Portfolio 2

A real problematic visualization

As shown below, here's an ugly visualization from r/dataisugly.

Image Description

It's trying to visualize the number of Indian Grandmasters over a period from 1987 to 2023. A Grandmaster (GM) in chess is the highest title awarded by the International Chess Federation (FIDE), the game's global governing body. It is a lifetime title, meaning it does not need to be renewed and is valid for the player's lifetime. To become a Grandmaster, a player typically needs to achieve a FIDE rating of at least 2500 at some point in their career. However, the line plot does not do a very good job at visualizing the data. Visualizing the trend of the number of Indian Grandmasters (GMs) from 1987 to 2023 can indeed be challenging with a line plot, especially if the data points are sparse or if the increases in numbers are not uniform year over year. Some limitations of of the above visualization are as follows:

  • Discrete Data: The count of Grandmasters per year is discrete data, not continuous. Line plots are more suitable for continuous data where values between the points are meaningful.
  • Sparsity: If the data has years with no new Grandmasters followed by bursts of multiple Grandmasters in other years, a line plot might not effectively communicate this pattern. The line might appear jagged and fail to show the significance of clusters.
  • Misleading Trends: The line connecting data points might suggest trends that don't exist or obscure important details, such as significant years where multiple Grandmasters were awarded.

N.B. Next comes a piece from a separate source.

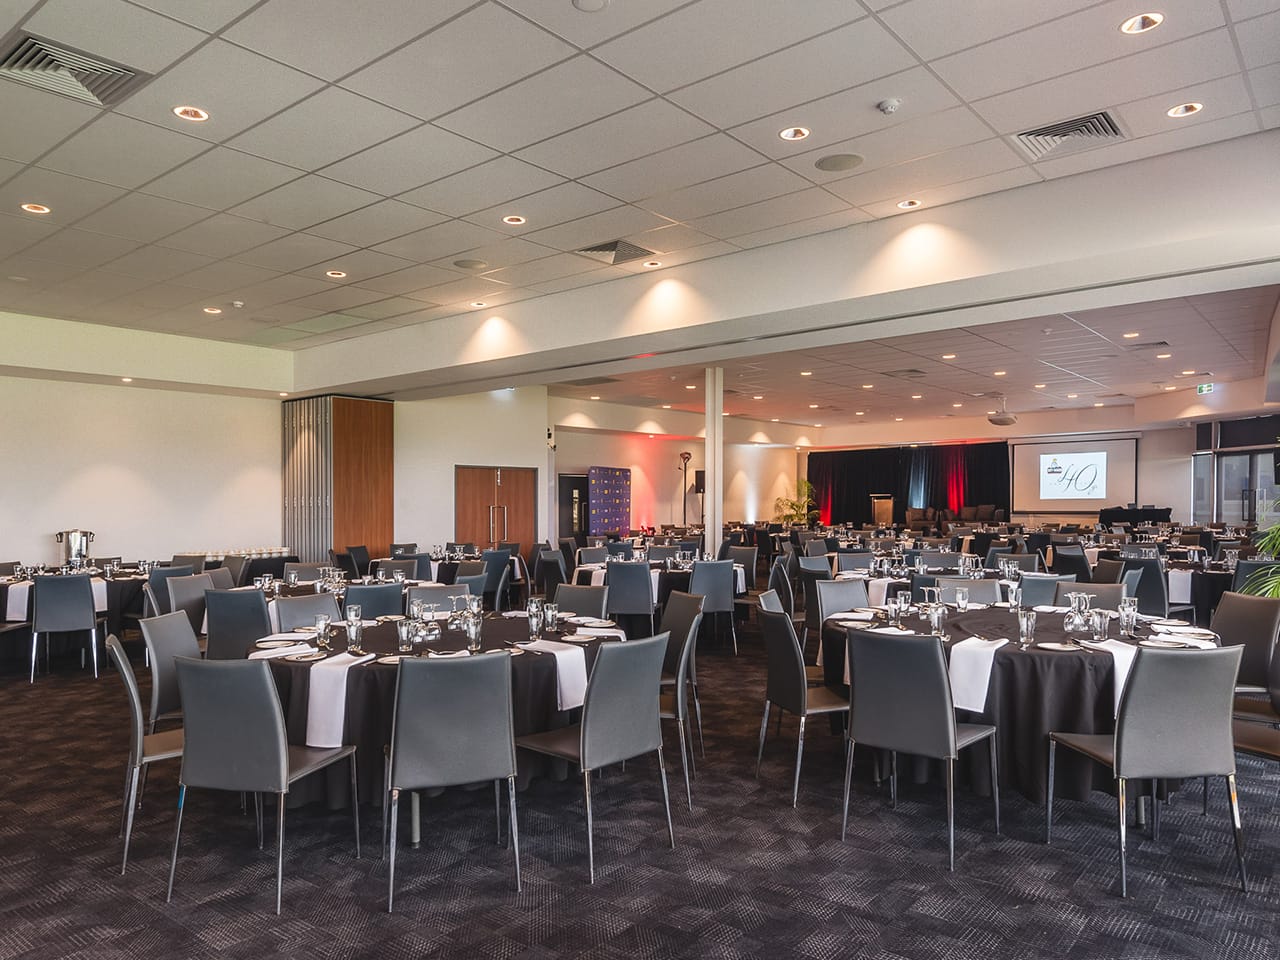 Tables And Chairs In Banquet Style Setup Inside The Function Room With Projection Screen In Front

Also to add, there are some cases where in which the previous year has more grandmaster's followed by a year with less grandmasters. As the plot aggregates the number of grandmasters every year, it still shows the plot with an increasing trend, which is very misleading.

A Visualization Makeover

Here's a better version in Vega-Lite.

This version of the visualization seems correct to me. Instead of aggregating the number of grandmasters every year, I thought it made more sense to just have the the number of grandmastes for each year in a column chart. This looks more visually appealing. It also has a tooltip to show the number of grandmasters for the highlighted year. We can clearly see the trend over the years by having the visualization like this. I feel there are several reason for this choice:

  • Discrete Data Representation: Column charts are well-suited for discrete data points. Each bar represents a distinct year, clearly showing the number of Grandmasters for that particular year. This avoids the misleading implications of continuity that a line chart might introduce.
  • Easily Comparable: The height of the bars makes it easy to compare the number of Grandmasters across different years at a glance. You can quickly identify years with higher or lower counts.
  • Patterns Over Time: Even though each year is shown discretely, you can still observe trends over time. If there is a general increase or decrease in the number of Grandmasters, it becomes visually evident.

To conclude, by using a column chart, we ensure that the information is accessible and easily digestible, making it an ideal choice for presenting the annual distribution of Indian Grandmasters.